## What is required
Practice item. Set the material below down again exactly, with no pictures.

## Data segment
● ● ●
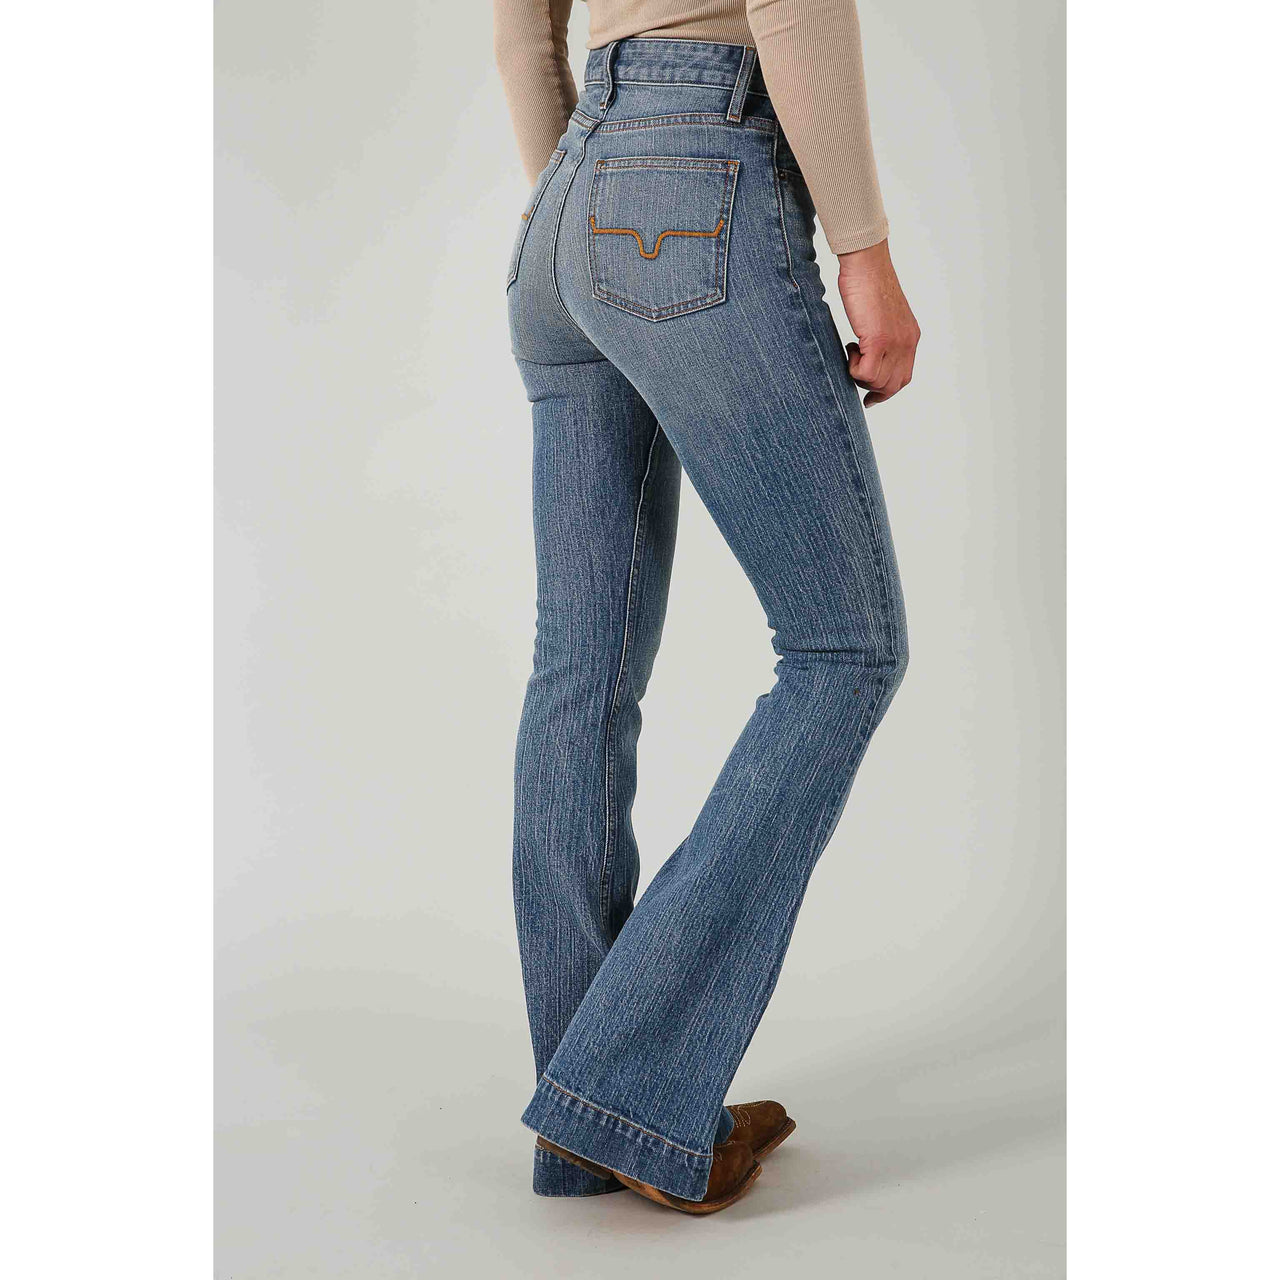 Girls' Jeans -  Canada
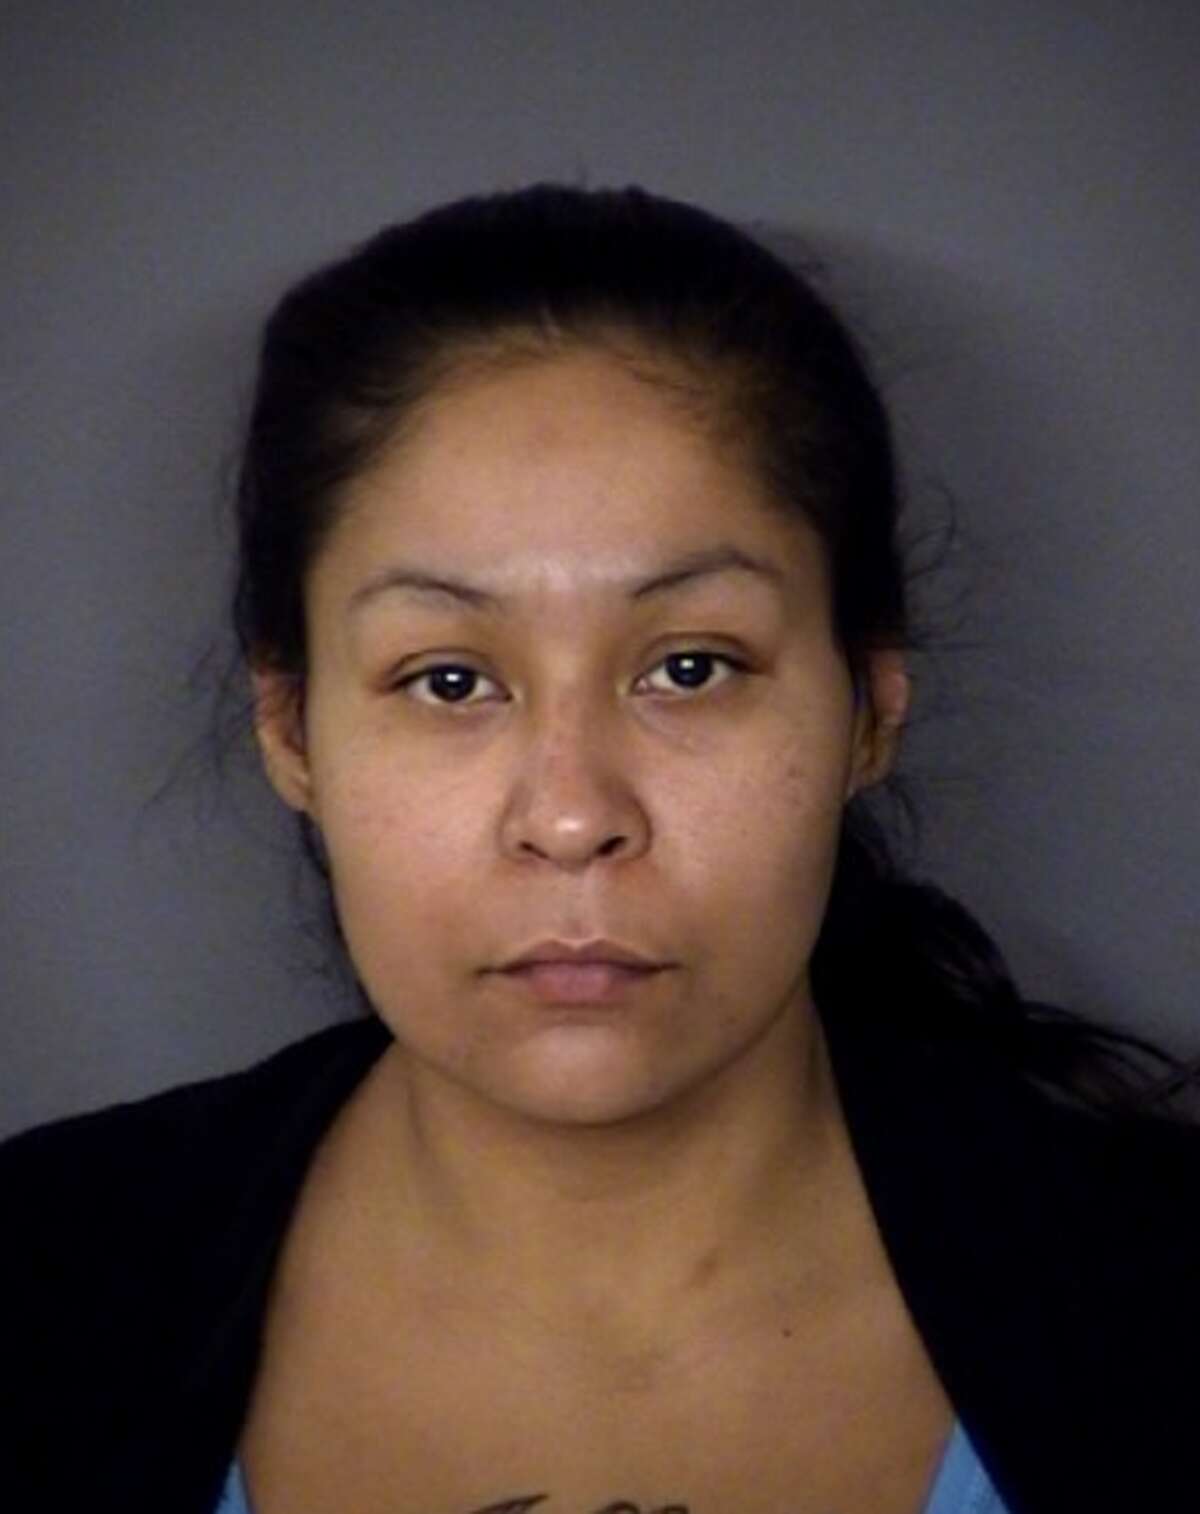 According to a police report, Jessica Ramona Gonzales's body was discovered around 1 a.m. on July 27 in an alley in the 3500 block of South Flores Street.
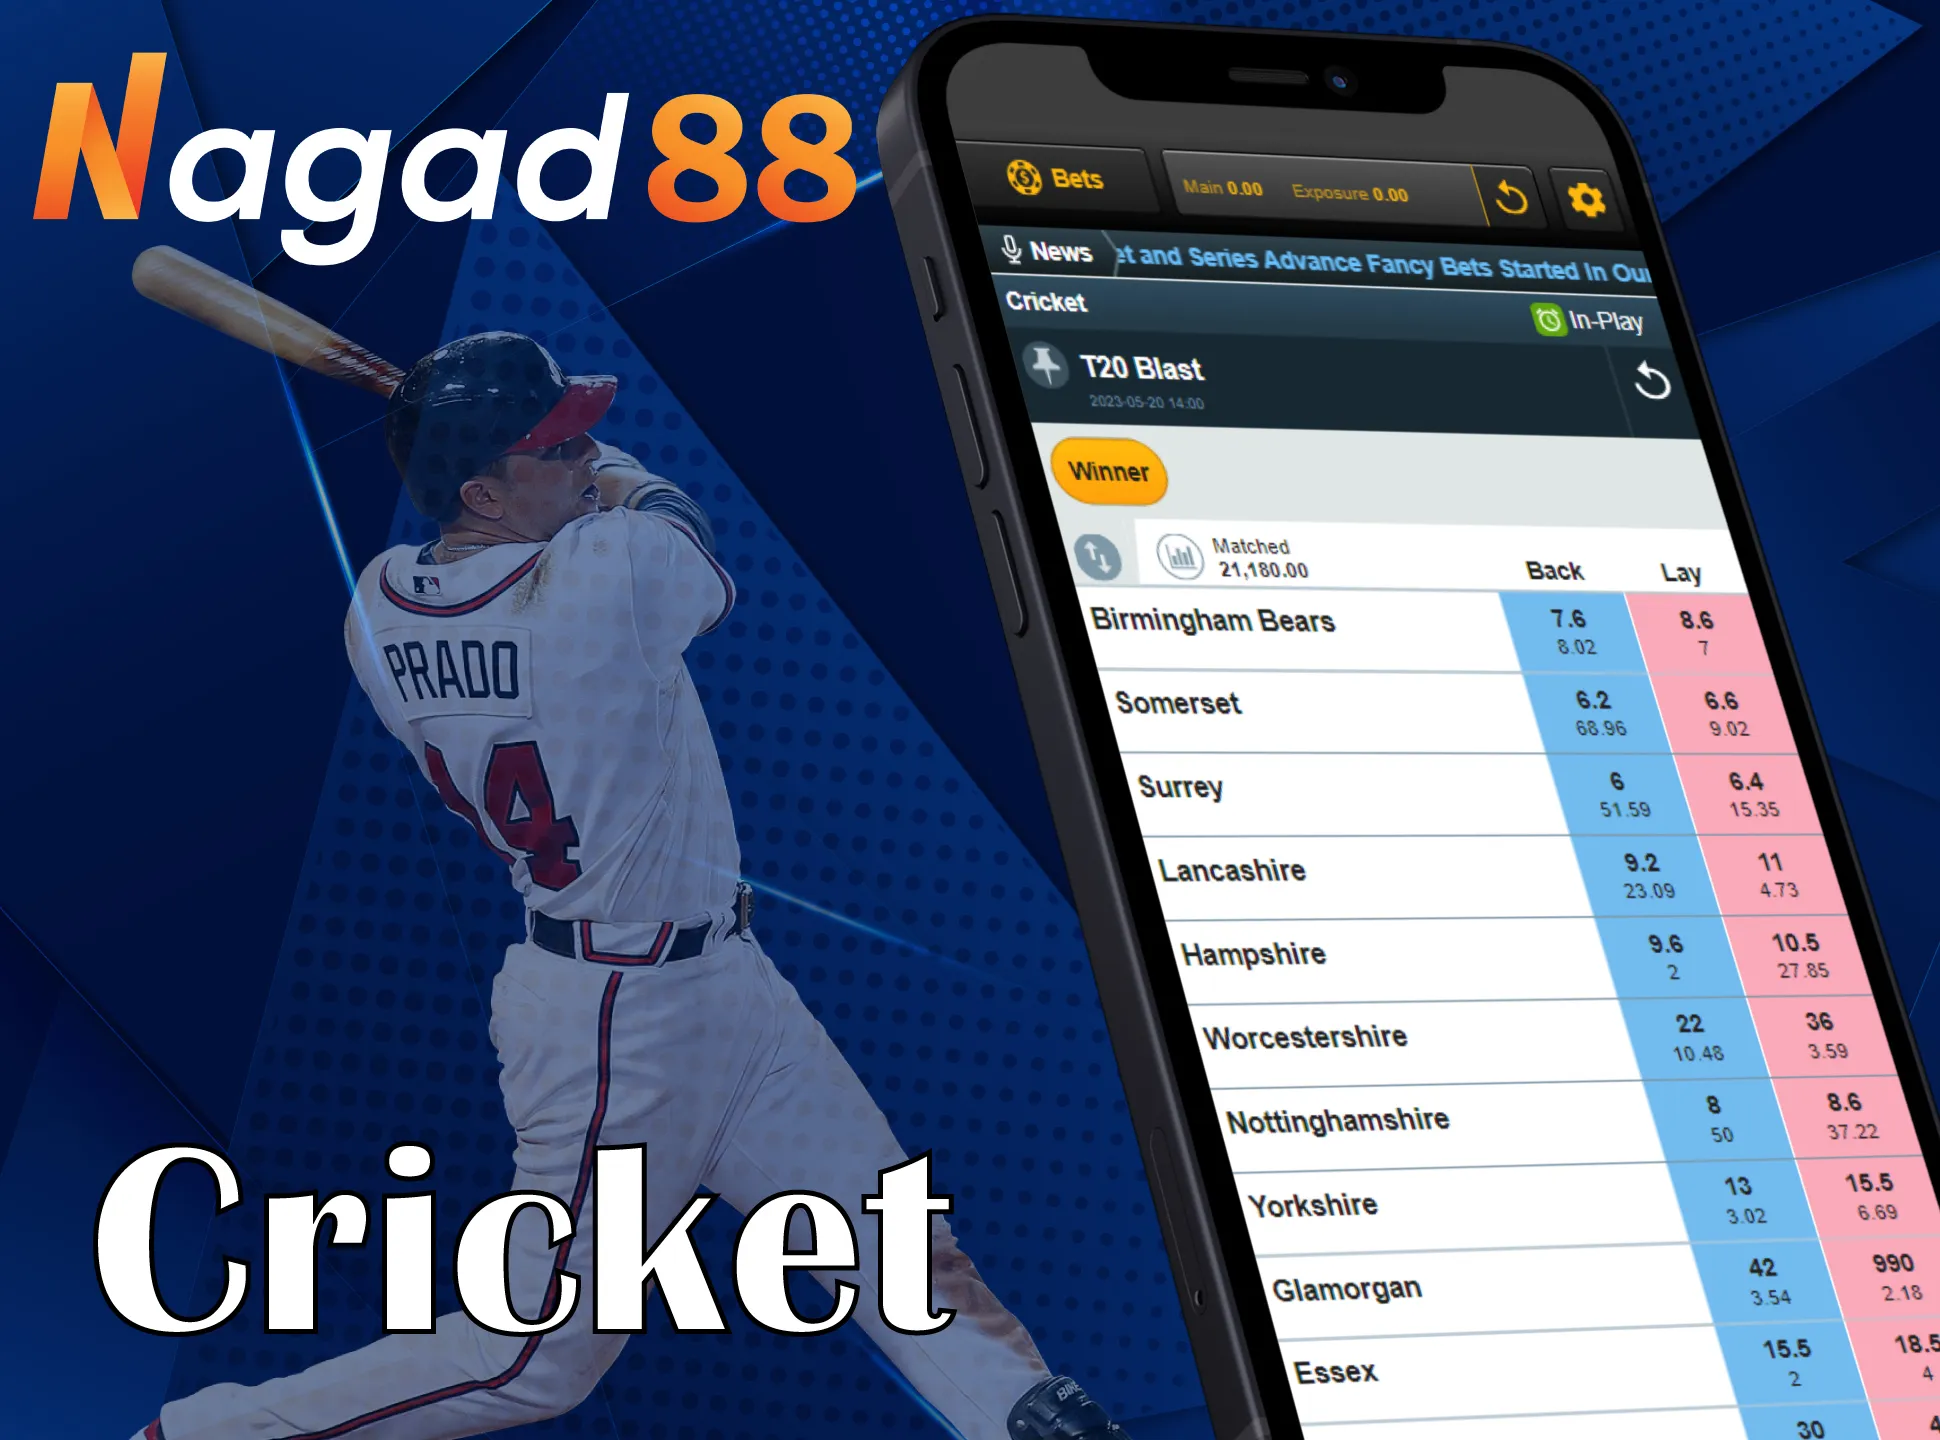 Place cricket bets in the Nagad88 app.
● ● ●
## Result below
 Girls' Jeans -  Canada
 According to a police report, Jessica Ramona Gonzales's body was discovered around 1 a.m. on July 27 in an alley in the 3500 block of South Flores Street.
 Place cricket bets in the Nagad88 app.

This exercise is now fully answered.